The basic goal of Ringtennis/Tenniquoits is to throw a ring (made of solid rubber) with one hand and a variety of different techniques over a net into the opposing half of the court in such a way, that the ring hits the ground, or the opponent is unable to catch, control or return the ring.

Each game is 20 minutes long (10 minutes per side) and managed by a referee. Games are played as singles, doubles, or mixed doubles.
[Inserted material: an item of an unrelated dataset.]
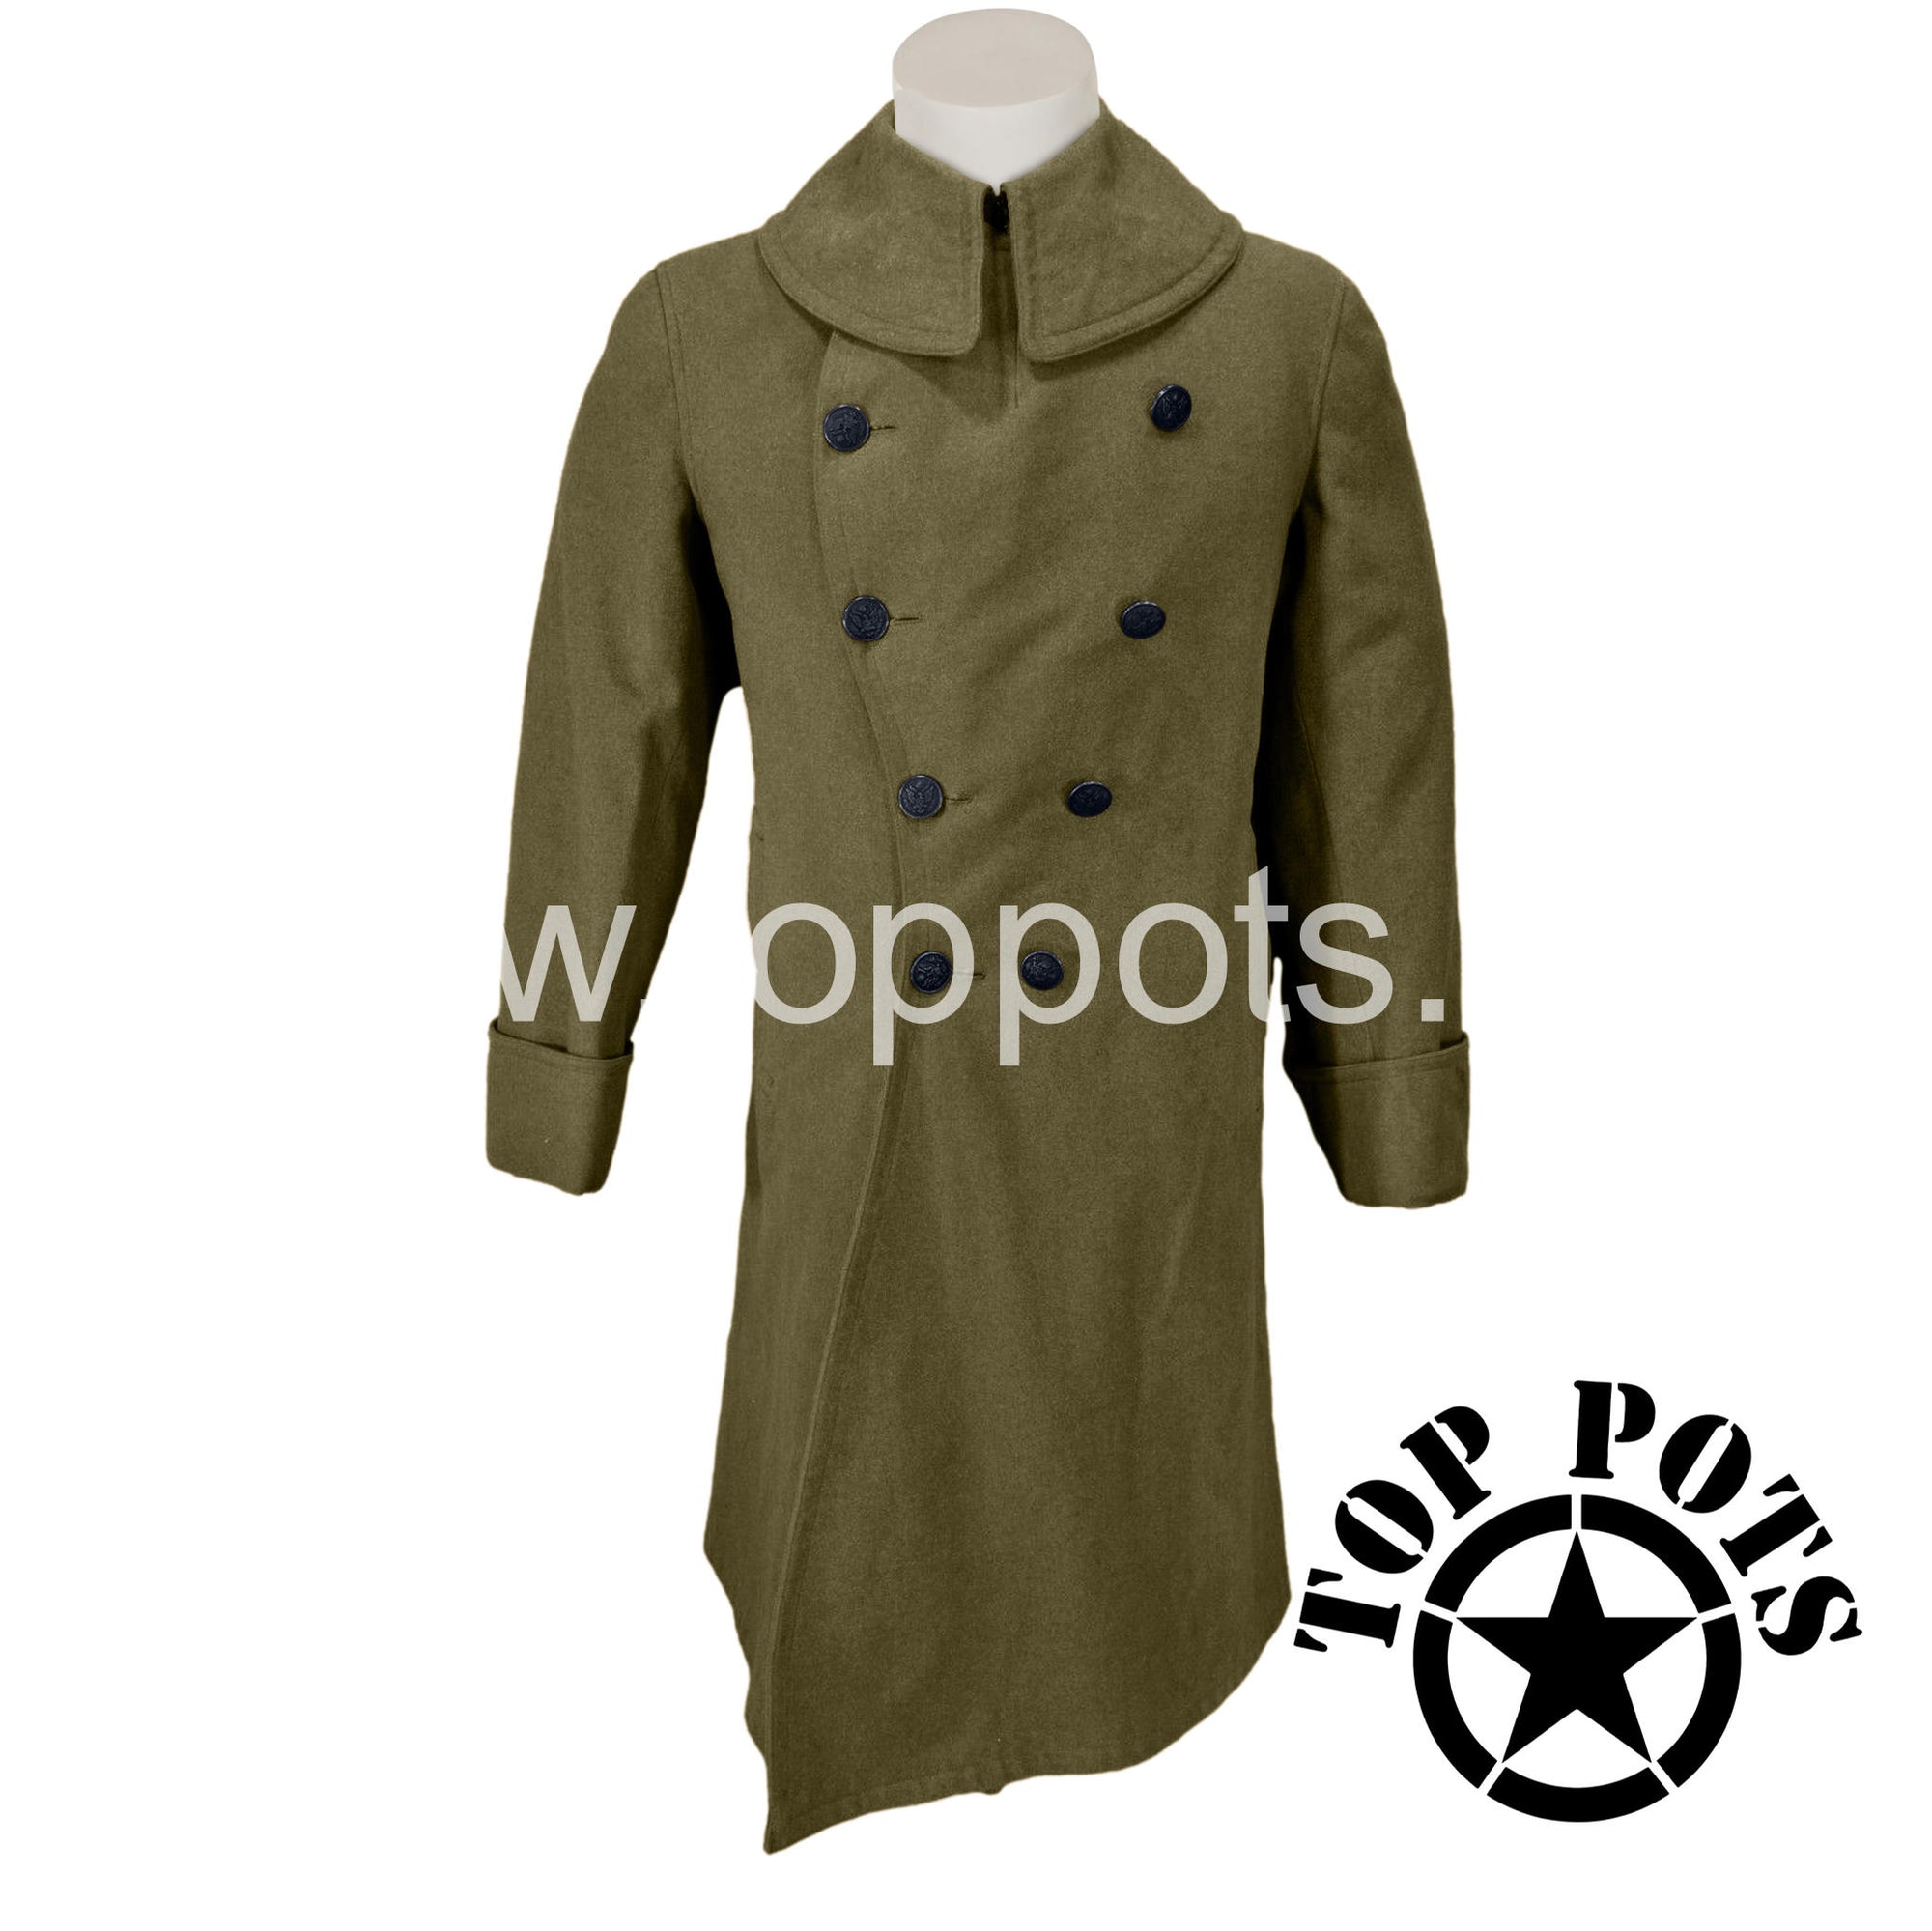 WWI US Army Reproduction American Doughboy M1907 Wool Enlisted Uniform Olive Drab Winter Greatcoat Overcoat Jacket

The player/players with the highest score at the end of the 20 minutes wins the game!

History
The origins of tennikoit are unclear, with some sources claiming a German origin, but a more immediate ancestor of the game is likely the game of deck tennis, a physical recreation activity commonly played on cruise ships at the start of the 20th century on smaller versions of tennis courts using rings made of rubber or another soft material.

Rules

The game begins as one player serves the ring upwards over the net, diagonally into the opponents court, and the opponent tries to catch the ring before it can land in their court, and if so throw it back. Each player takes five services in a row, regardless of whether they have scored points for a serve, and then the opponent serves for the following five turns. 

Each individual (or double) tries to score 21 points in order to be declared a winner, but the winner must maintain a lead of two points over the opponent to win. A game consists of 3 sets of 21 points; the winner of 2 sets wins the match. However, a time limit of 30 minute is in place per set. Thus a server should win a point within nine rallies; failing to do so will then result in a point for one's opponent.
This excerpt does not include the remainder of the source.